━━━ Extracted entries

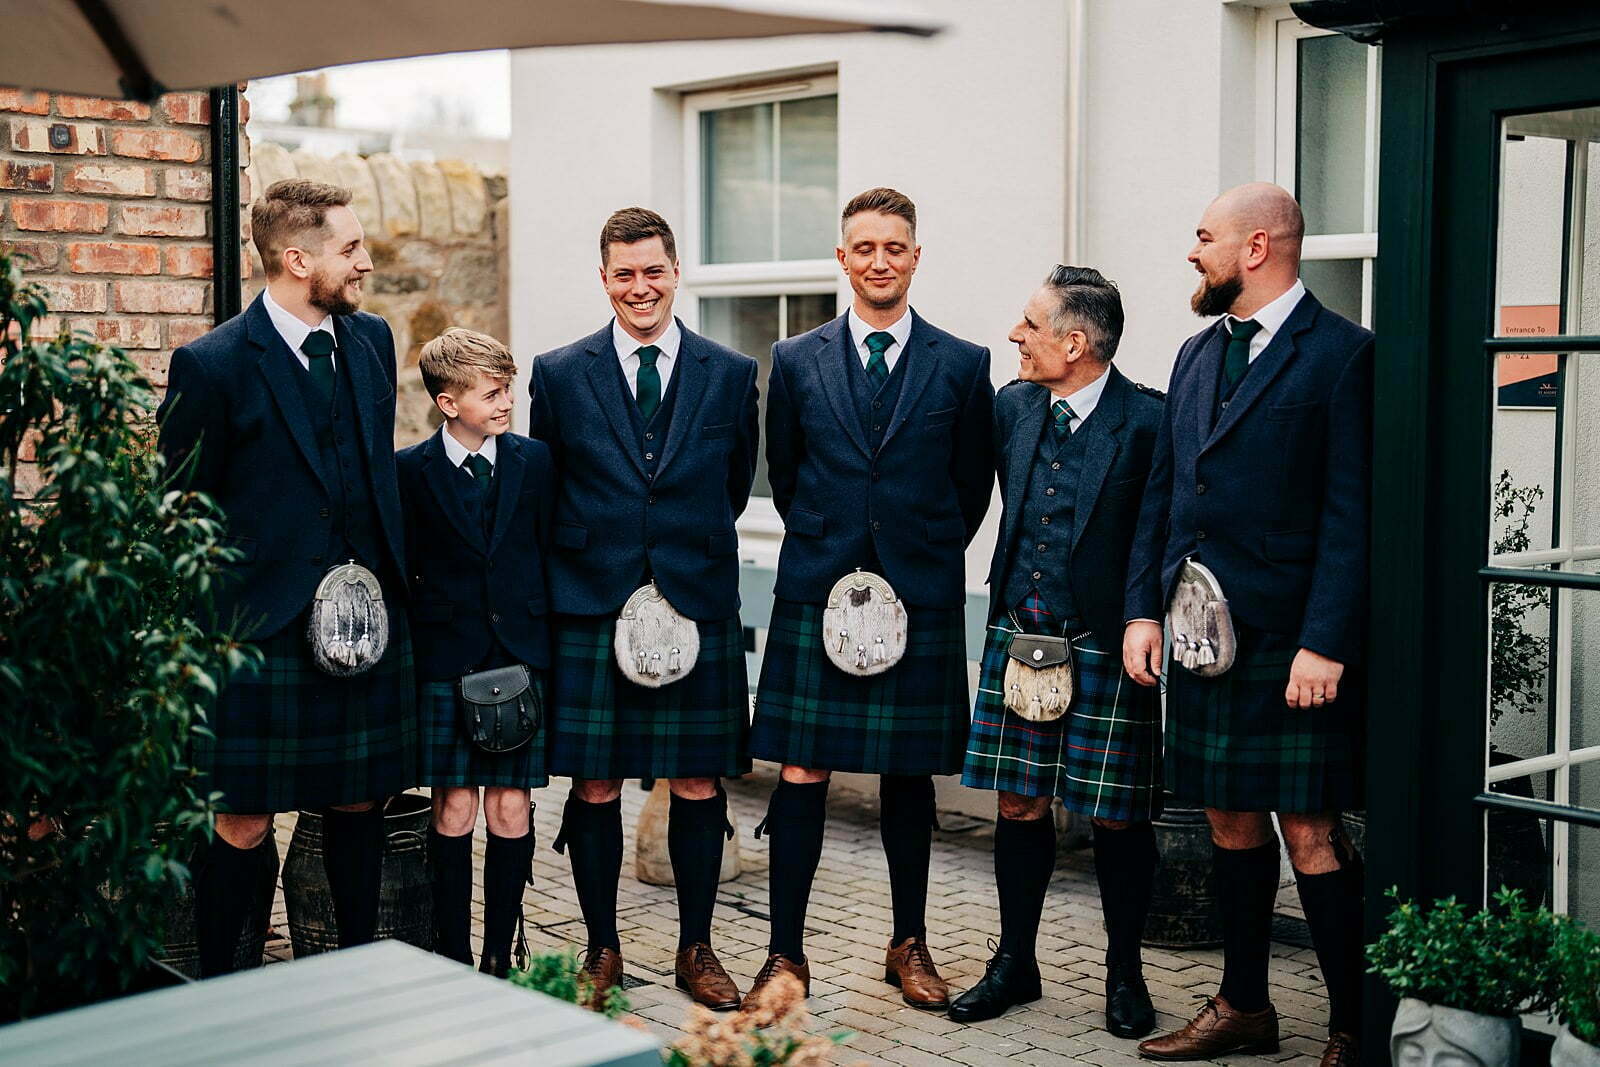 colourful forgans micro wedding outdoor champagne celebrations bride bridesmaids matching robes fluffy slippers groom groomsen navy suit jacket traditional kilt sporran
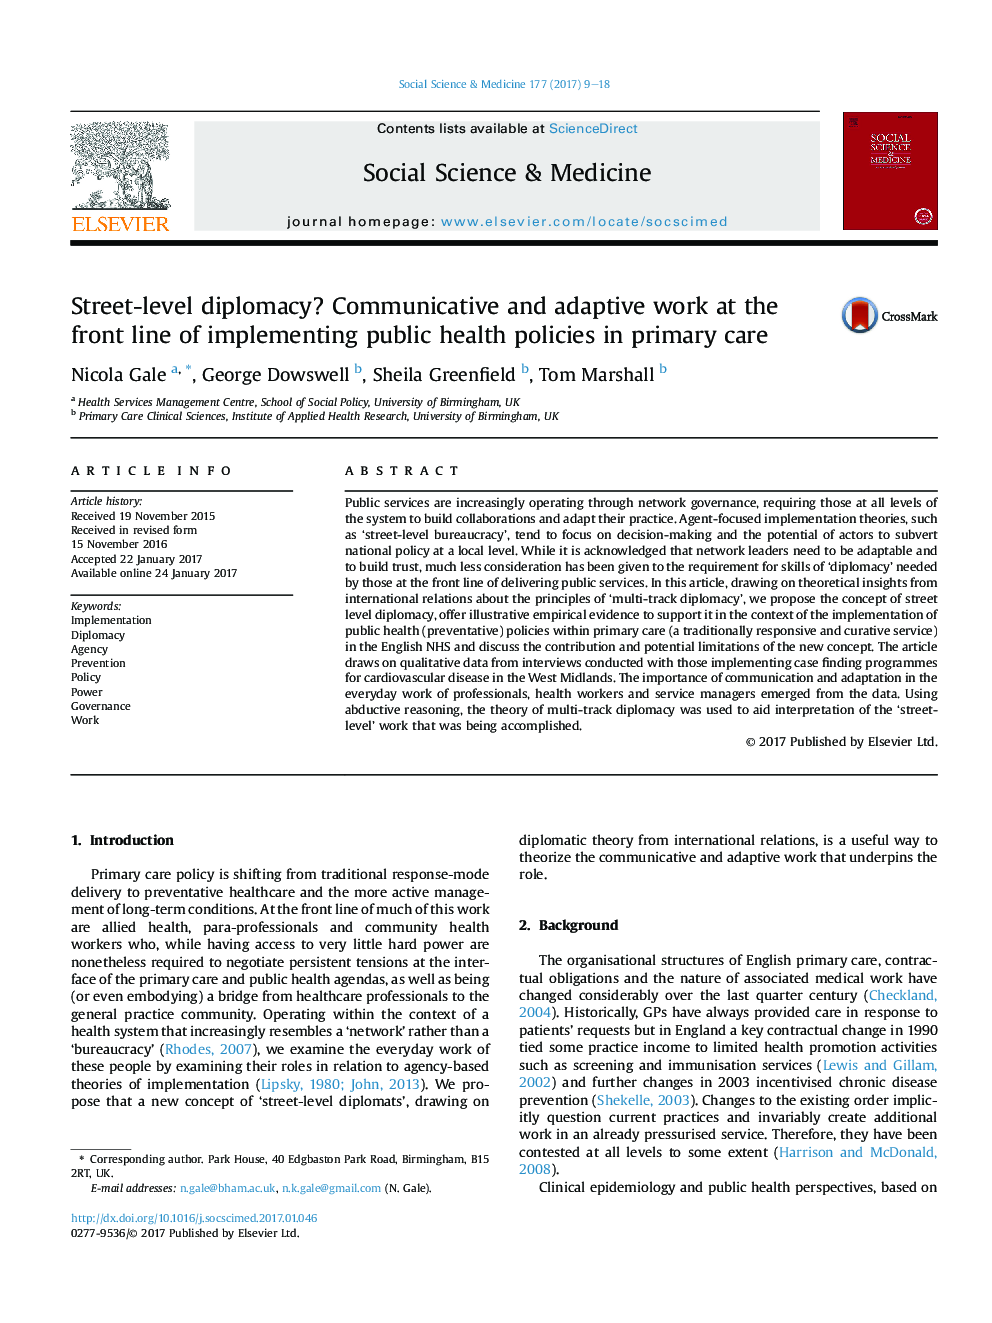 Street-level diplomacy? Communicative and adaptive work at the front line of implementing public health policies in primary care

━━━━━━
━━━ Extracted entries

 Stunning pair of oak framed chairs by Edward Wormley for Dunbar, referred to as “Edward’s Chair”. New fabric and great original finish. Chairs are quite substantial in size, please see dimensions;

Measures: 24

━━━━━━
━━━ Extracted entries

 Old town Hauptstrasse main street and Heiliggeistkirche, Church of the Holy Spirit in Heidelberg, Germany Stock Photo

━━━━━━

- _Task to complete_
In the material above, which lines fall between the one holding "colourful forgans micro" and the one holding "Street-level diplomacy? Communicative", inclusive? Print exactly those, with the pictures left out.

- _Your solution_
 colourful forgans micro wedding outdoor champagne celebrations bride bridesmaids matching robes fluffy slippers groom groomsen navy suit jacket traditional kilt sporran
 Street-level diplomacy? Communicative and adaptive work at the front line of implementing public health policies in primary care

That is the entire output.